How do I honestly find out my baby's beanie baby birthday?
You have to plunge into the depths of 90s internet archives. There are databases and fan sites (some of which look like they haven't been updated since dial-up internet) where you just plug in the month and day. Ty's official site apparently has a calendar too, assuming you can figure out it while holding a squirming toddler who's trying to put your phone in their mouth.

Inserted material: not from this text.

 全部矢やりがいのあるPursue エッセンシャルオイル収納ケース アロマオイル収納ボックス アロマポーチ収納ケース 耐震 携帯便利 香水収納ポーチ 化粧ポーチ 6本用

Are vintage plush toys honestly safe for my toddler?
Honestly, I treat them like decorative museum pieces until the girls are old enough to understand reason (so, maybe when they're 25?). Between the hard plastic eyes that could get chewed off and the internal plastic 'beans' that are a massive choking hazard if the fabric rips, they aren't meant for kids under three. Keep them high up on a shelf out of reach.

What if my kid's 'birthday twin' is a really ugly animal?
This is the great injustice of the system. Your mate's kid gets a lovely little lamb, and yours gets a creepy spider or a very sad-looking bat. You just have to lean into the absurdity of it. Tell them it builds character, or just lie and pick a different toy from a date three days later. They can't read the tag anyway.

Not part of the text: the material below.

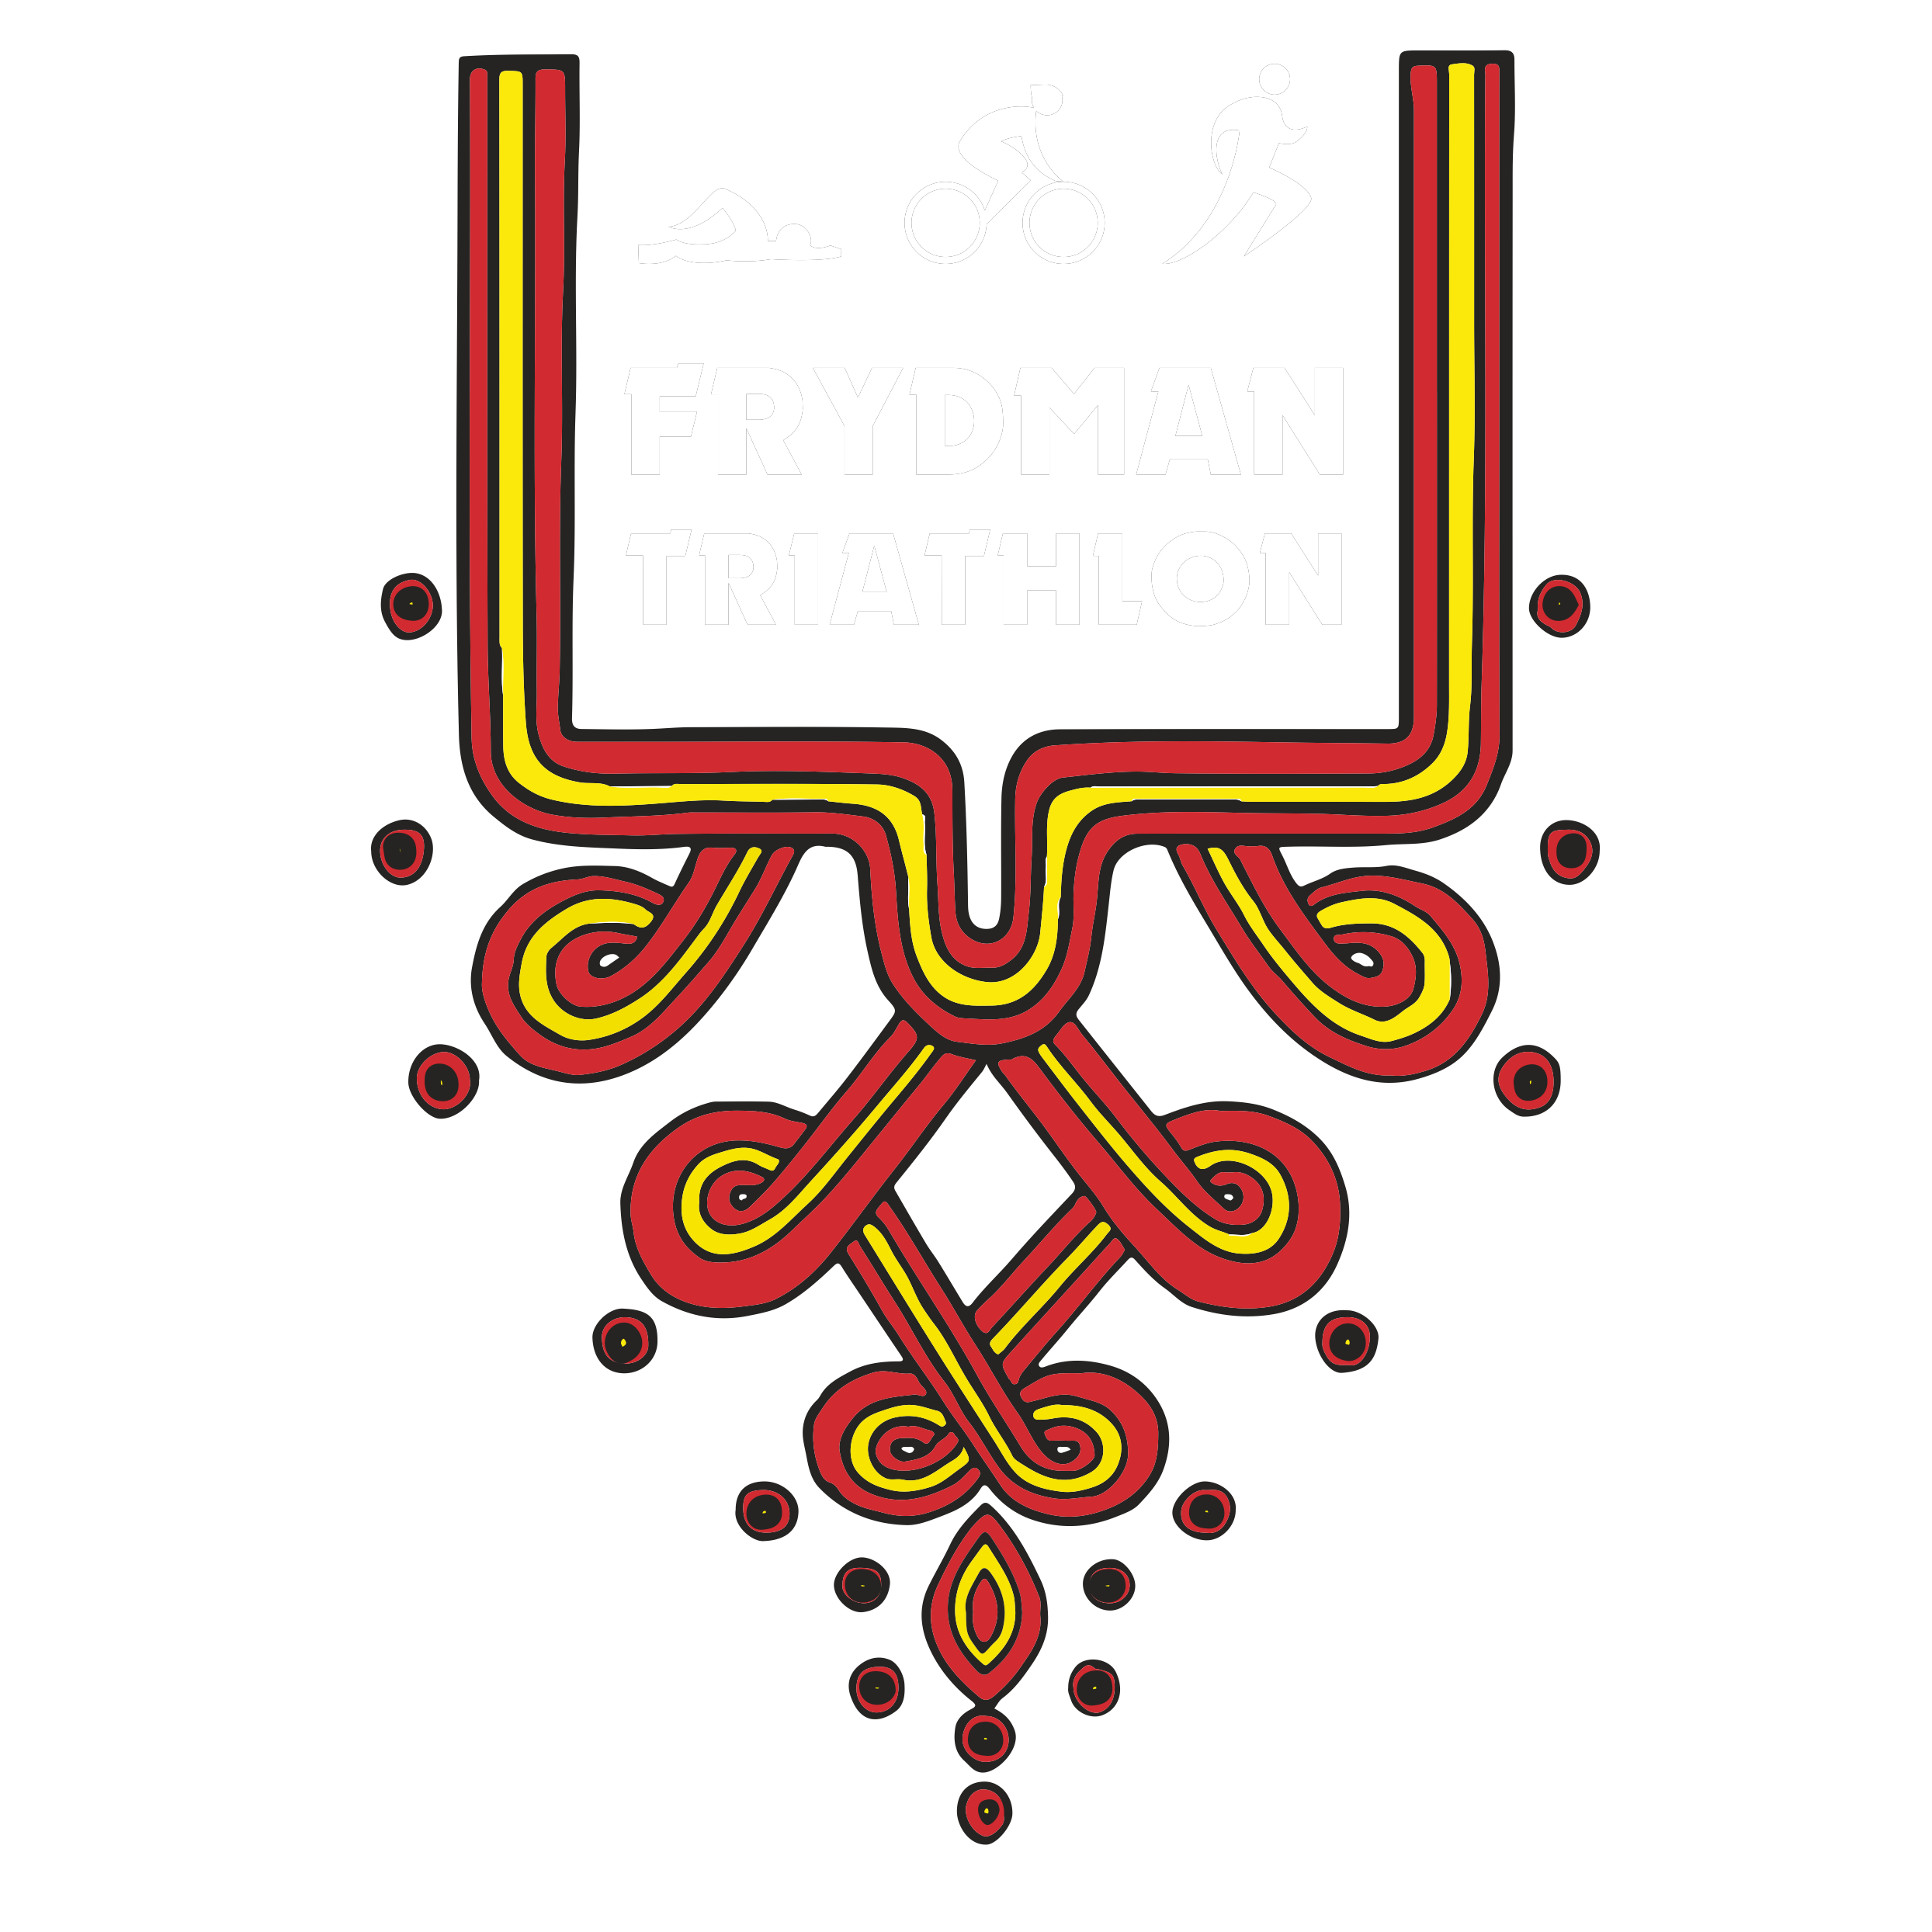 X Frydman Triathlon

Is buying secondhand toys really more sustainable?
In theory, yes, keeping existing textiles out of a landfill is always better than demanding new plastics be produced. But you've to weigh that against the carbon footprint of having a single tiny plush toy shipped to your house in a massive cardboard box from three countries away just because it has the right arbitrary date printed on a piece of cardboard.

Can I wash a vintage beanie baby if it smells weird?
You can try, but it's a massive gamble. The washing machine might destroy the tag (which ruins the whole point of the birthday thing) or melt the beans if the water is too hot. Spot cleaning with a damp cloth is your best bet, though it won't entirely remove that distinct 'somebody else's attic' smell.